The key phrase here appears to be "for launcher-like values"
For the sort of launchers that can carry a man, m_I/m_f is greater than e, and
log curve flattens out to such an extent that given a fixed m_f (a reasonable
approximation of payload), exponentially greater quantities of fuel are
necessary for linear increases in delta v.
It is precisely this flat wimpyness of the log curve that makes improvement in
Isp (and staging) so attractive for these launchers.
People like Zach and I don't build launchers that can carry men though, we
build launchers that men can carry.
At our scales, minimum gauge effects driven by aerodynamic loads, fixed sizes
of many components, and cube square effects cause our m_i/m_f to be rather low.
For these launchers, the log curve is much steeper, and unlike in the previous
case a small increase in propellant yields great results (1). In this case
optimization of mass fraction is the better choice (2).
Pedant's note (1): in both cases it takes an exponential increase in mass
fraction to to cause a linear increase in delta v.
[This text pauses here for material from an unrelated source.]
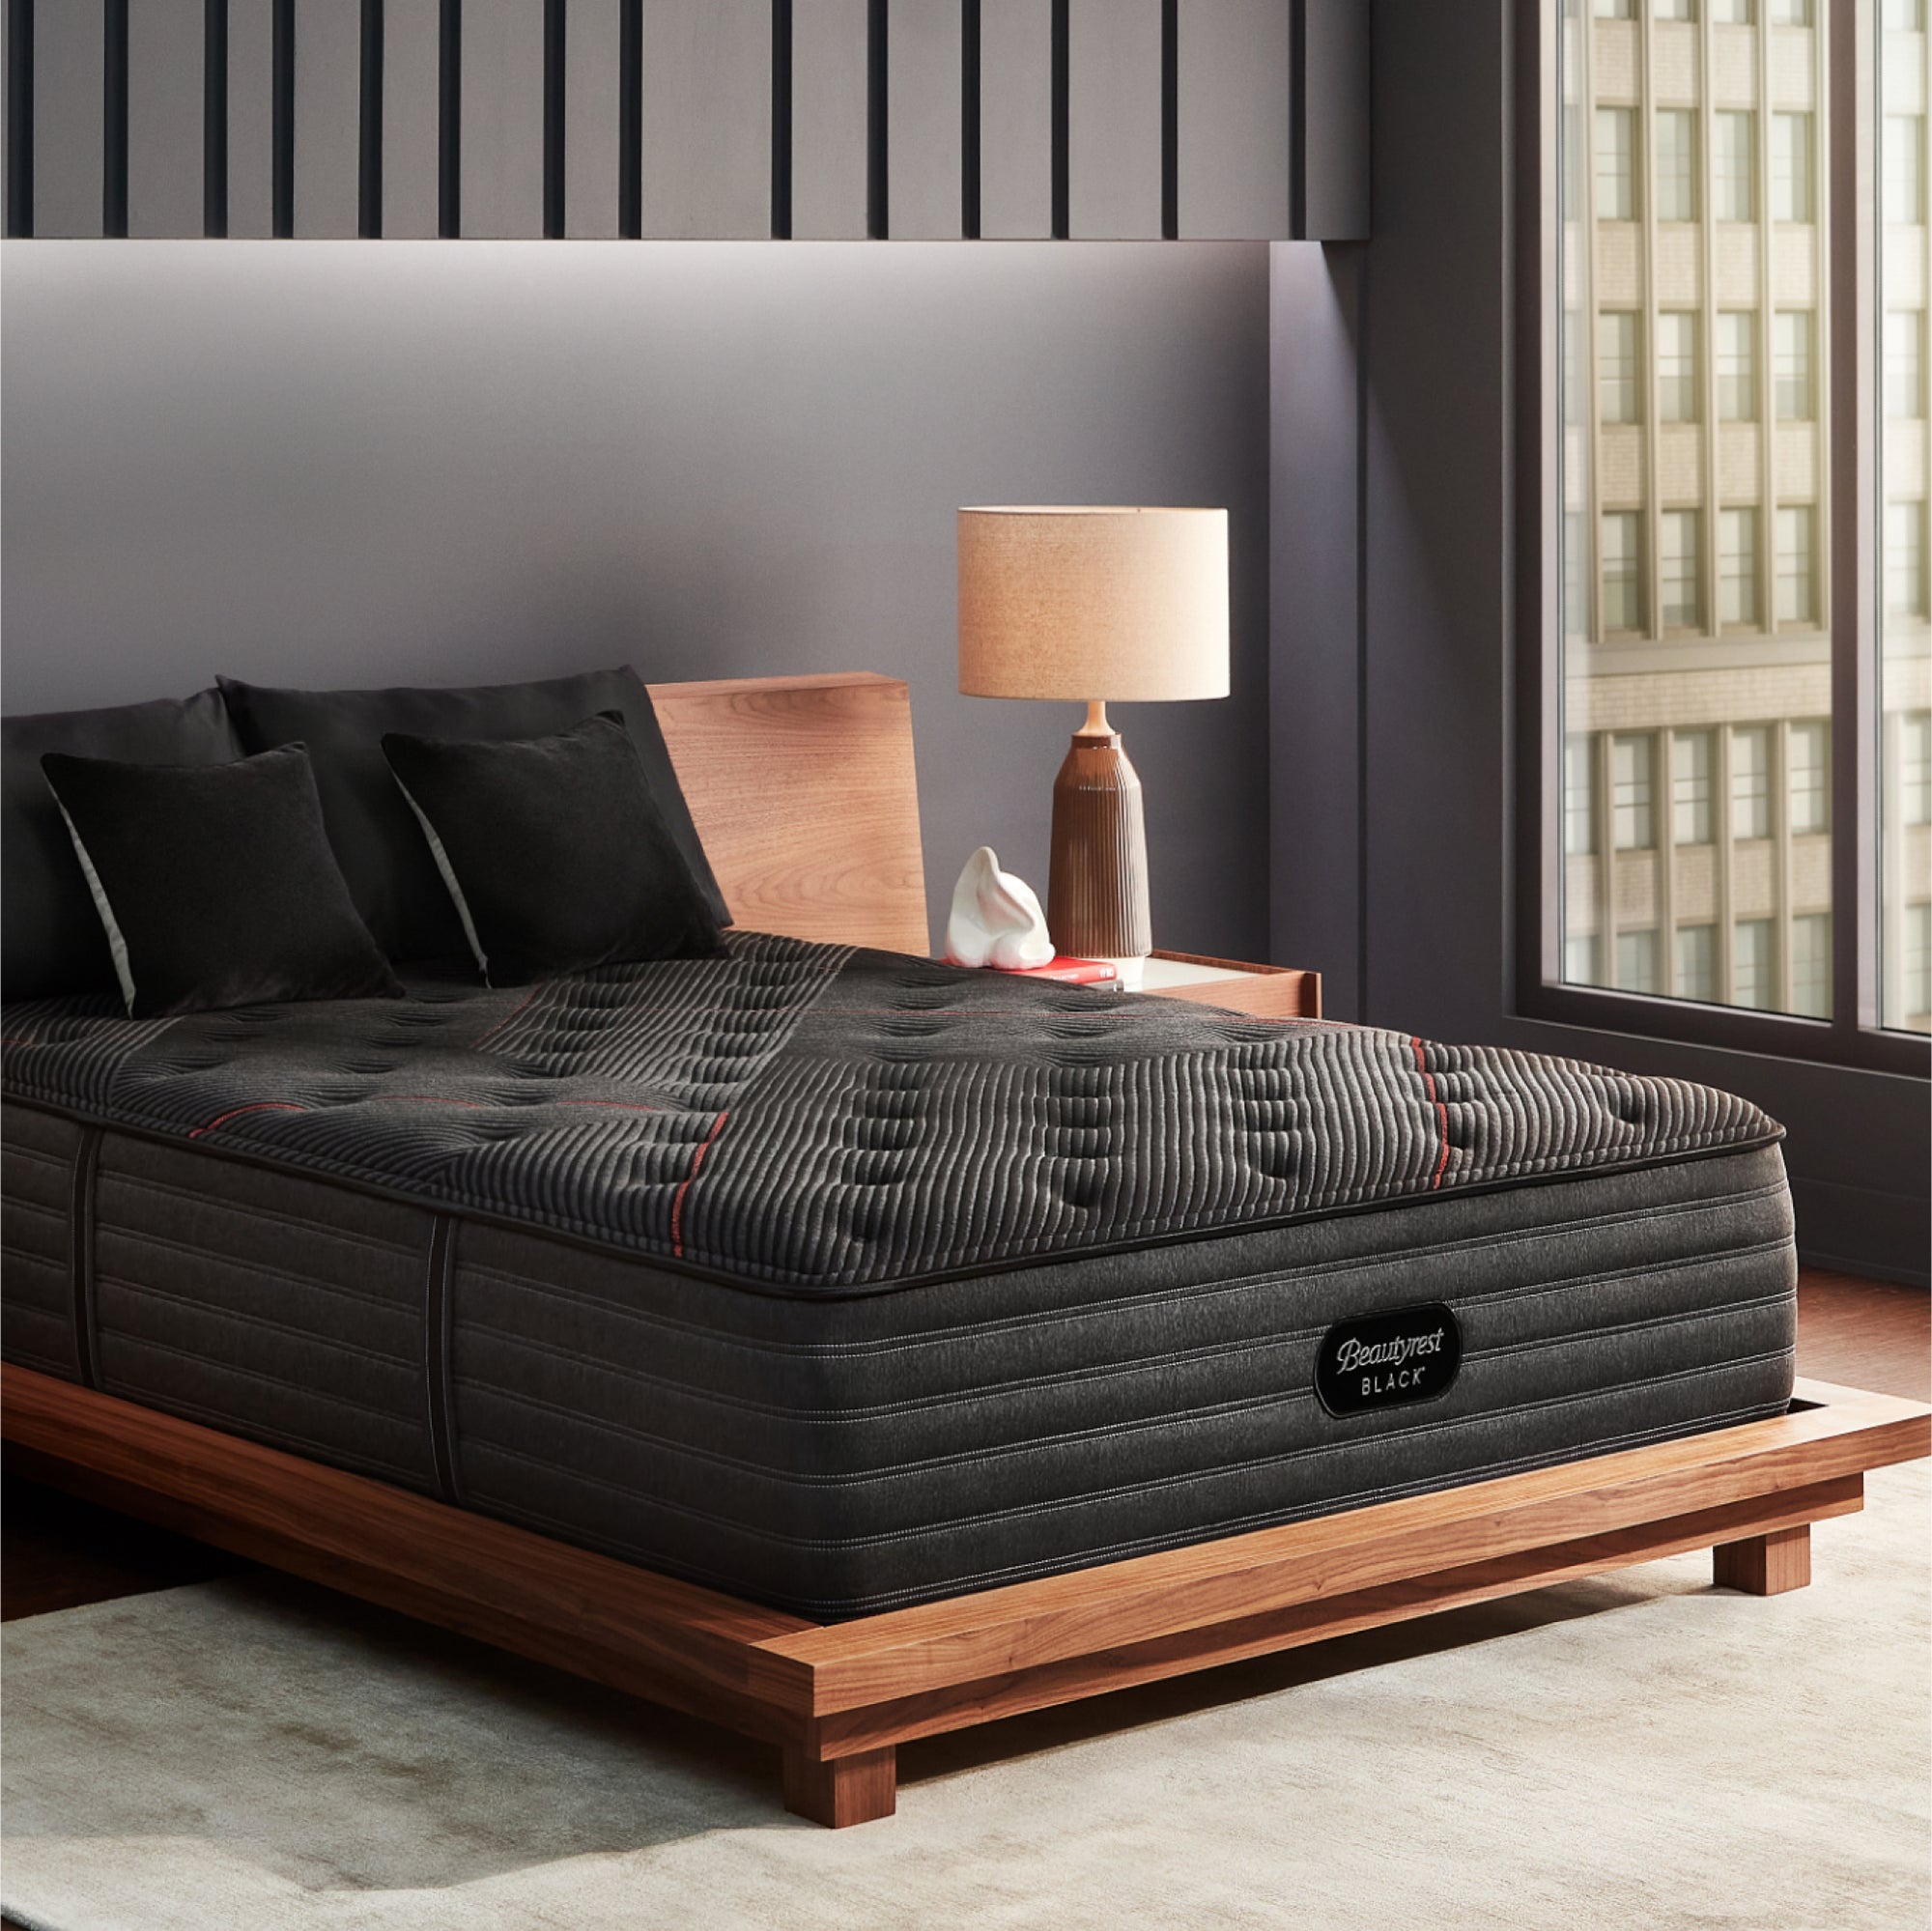 The Beautyrest Black deluxe c-class mattress ||series: deluxe c-class|| feel: medium
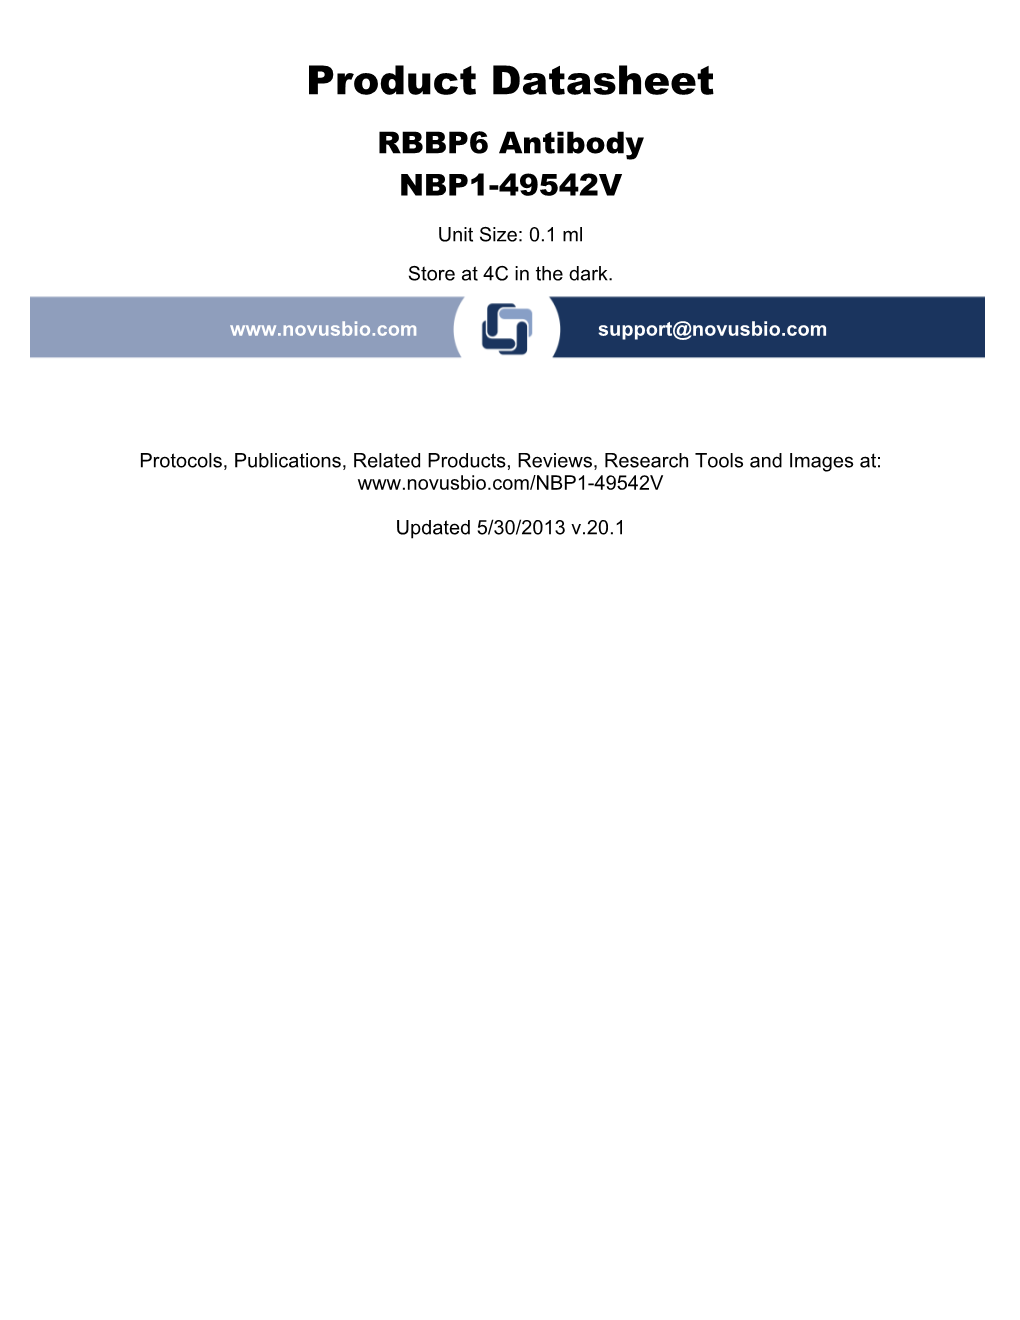 Product Datasheet RBBP6 Antibody NBP1-49542V

It's just that in the second
case we are looking at a different and unloved part of the function.
Pedant's note 2: at the scale of man-carried launchers, aerodynamics plays a
role larger than either part of the Tsiolkovsky's equation.
-------- Original message --------
From: Zachary Martinez <znm3m8@xxxxxxx>
Date: 09/05/2016 15:05 (GMT-08:00)
To: arocket@xxxxxxxxxxxxx
Subject: [AR] Re: Issues with operating at low chamber pressure
It really does depend on the vehicle almost exclusively. You will have to
explore the options and pick the one with the most delta v because it's not
like you are ever given a choice between 10% Isp and 10% mass fraction in a
design. It also really depends on the mass fraction. For example at the scale I
am working at ~15-30% propellant mass fraction, a relatively small reduction in
dry mass can lead to almost a doubling of propellant while this same choice
(400psi chamber pressure vs 200psi chamber pressure) only leads to about a 20%
reduction in Isp. The logic obviously doesn't apply to orbital launch vehicles
so the advice that Isp is better than mass fraction or the other way around is
kinda irrelevant because these decisions 10% this vs the same 10% that rarely
come up in design. Just my 2 cents
Zach Martinez
Sent from my iPhone
On Sep 5, 2016, at 16:37, Norman Yarvin <yarvin@xxxxxxxxxxxx> wrote:
On Mon, Sep 05, 2016 at 07:10:08AM -0400, William Claybaugh wrote:
Norm:
A logarithm is an exponential function.
Not when you're talking about an "exponential effect", it isn't. An
exponential effect is a big effect that grows strongly as you increase
the factor in question; a logarithmic effect is a wimpy one that gets
ever-wimpier as the factor in question increases. In particular,
here, a 10% increase in Isp buys you a 10% increase in delta-v,
whereas a 10% increase in m_initial/m_final buys you less, at least
for launcher-like values of that ratio. (If, say, it starts out as
10, a 10% increase buys you about 4% more delta-v; or if it starts out
as 5, a 10% increase buys you 5.6% more delta-v.)